Unlike the others, Llama can run offline on your computer, so it doesn't share data with a big tech company.
Why I'd Recommend It
-
Keeps Things Private: Since Llama runs locally, we can be sure our data stays off the internet.
-
Highly Customizable: Llama's open-source, meaning we (or any developer) can modify it for unique needs. We don't do this much, but it's nice to know it's an option.
Weak Spots
-
Not the Most Powerful: It's not as good as Claude or ChatGPT for high-quality content or problem-solving. But for basic use cases, it's solid.
When It Makes Sense to Use: Anytime privacy is key, like with sensitive internal data, or when you just need a quick local solution.
Grok by xAI: Twitter Data & Realistic Image Generation
Grok is a fun one - it's a social media native, integrated with X (formerly Twitter).

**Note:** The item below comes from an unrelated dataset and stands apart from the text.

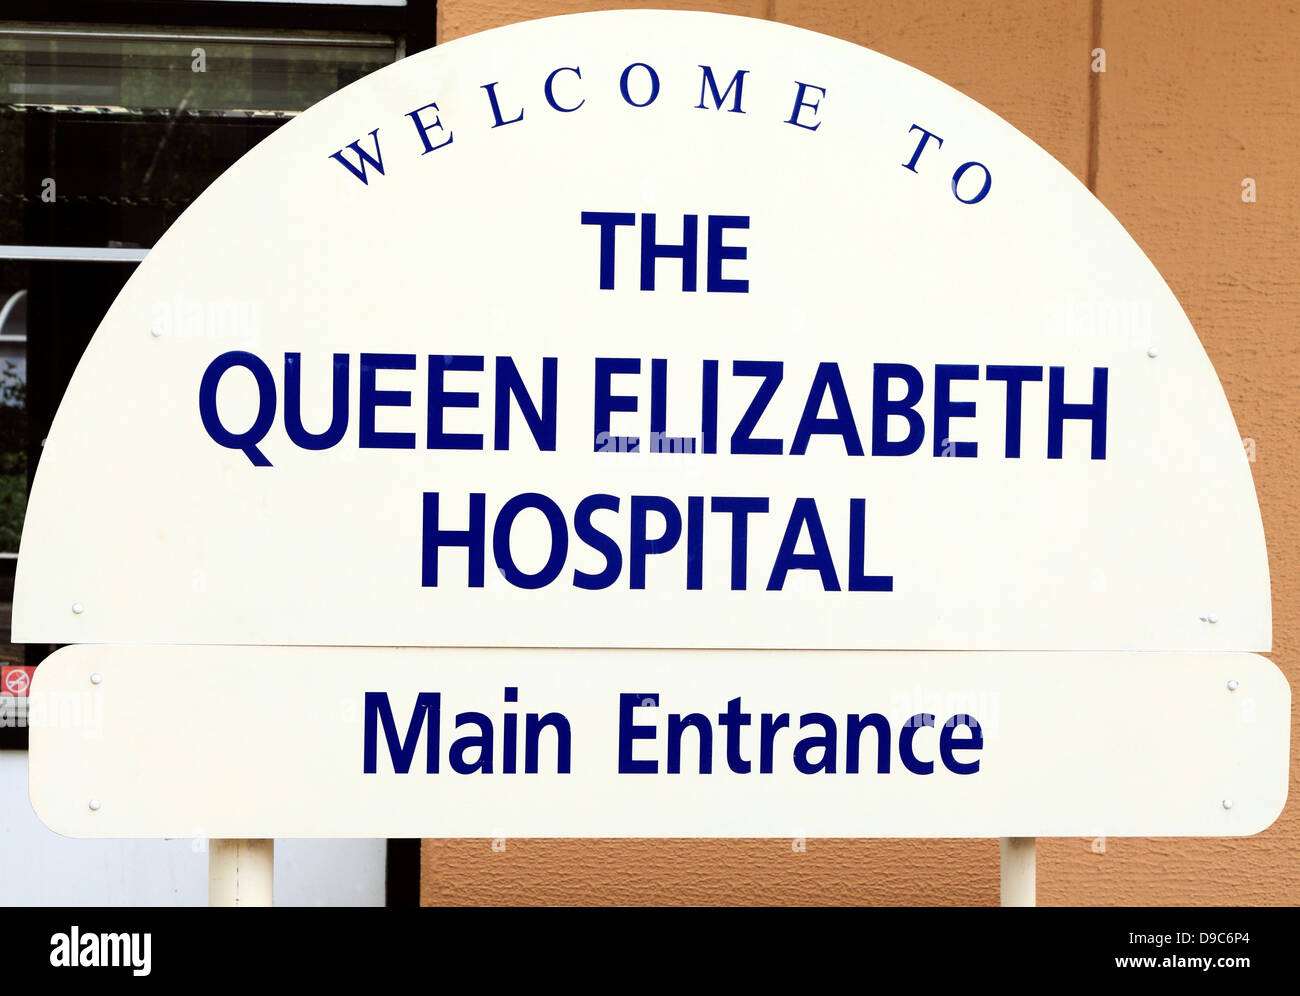 Kings Lynn, Norfolk, Queen Elizabeth Hospital NHS, Main Entrance, England, UK, English hospitals - Stock Image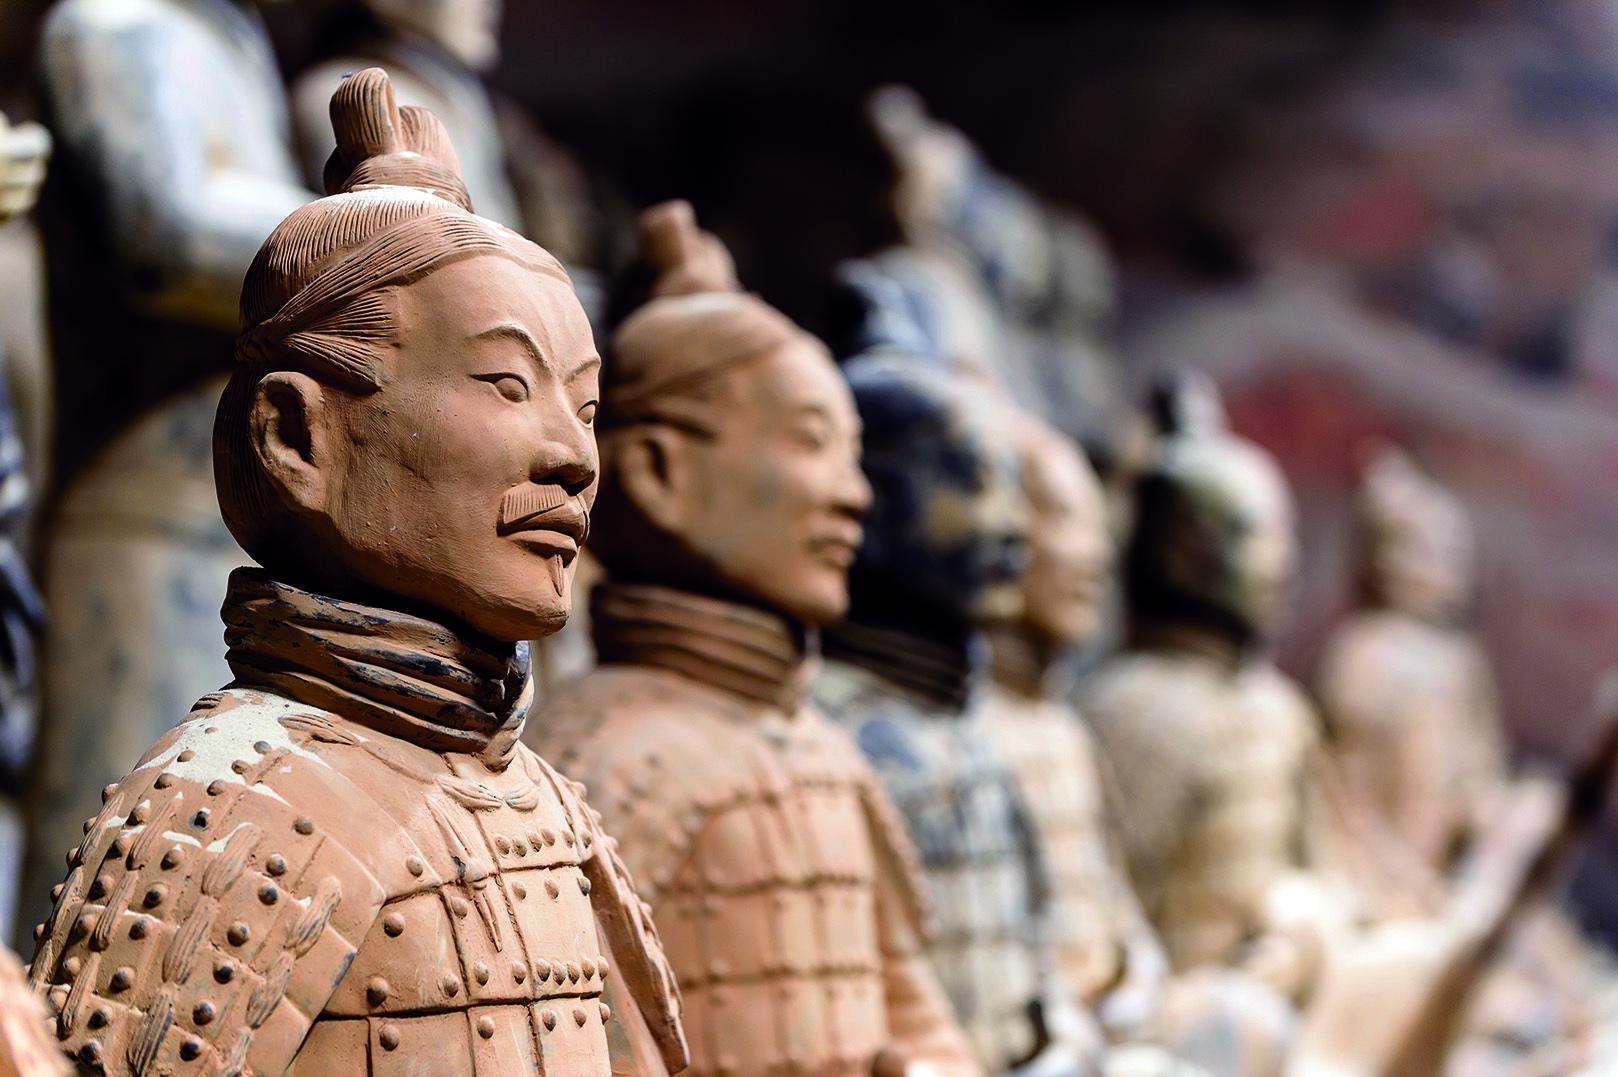 Chinas berühmte Terrakotta-Armee erobert das Technikum in Mühlheim an der Ruhr

It's a decent model and comes with a strong image generator, Flux One, that can make super-realistic visuals. But where it really shines is pulling in Twitter data in real-time.
Why We Use It
-
Live Twitter Insights: Grok lets us see what's trending or analyze popular Twitter profiles on the spot.
-
Image Generation: Flux One can create realistic images of people, scenes, and more, with few limits on topics.
Downsides
-
Niche Use Cases: It's great for Twitter data and images but doesn't stand out in general tasks like summarization or storytelling.
Ideal Use: Social media research and generating realistic visuals for content.
Perplexity: A Researcher's Best Friend
Perplexity isn't technically an LLM in the traditional sense. Instead, it's an AI-powered research tool that pulls information from the internet and then uses a model to organize it.
It's our go-to when I need quick, accurate information or a second opinion on a topic.
What Makes It Indispensable
-
Web Search Capabilities: Perplexity searches the web and summarizes content, making it perfect for research-heavy tasks.
-
Choose Your Model: we can use GPT-4, Claude, or even OpenAI-o1 as our "engine" within Perplexity, so we always get the model that fits our needs.
Caveats
-
Double-Check for Accuracy: Sometimes it mixes up similar names or pulls outdated info, so it's good to cross-check important facts.
When I Use Perplexity: Anytime I'm in "research mode" or need up-to-date insights for blog posts, presentations, or meetings.
Finding the right LLM can be as simple as matching a tool's strengths to your needs.
Our advice? Try out a few, and don't hesitate to mix and match to get the best results.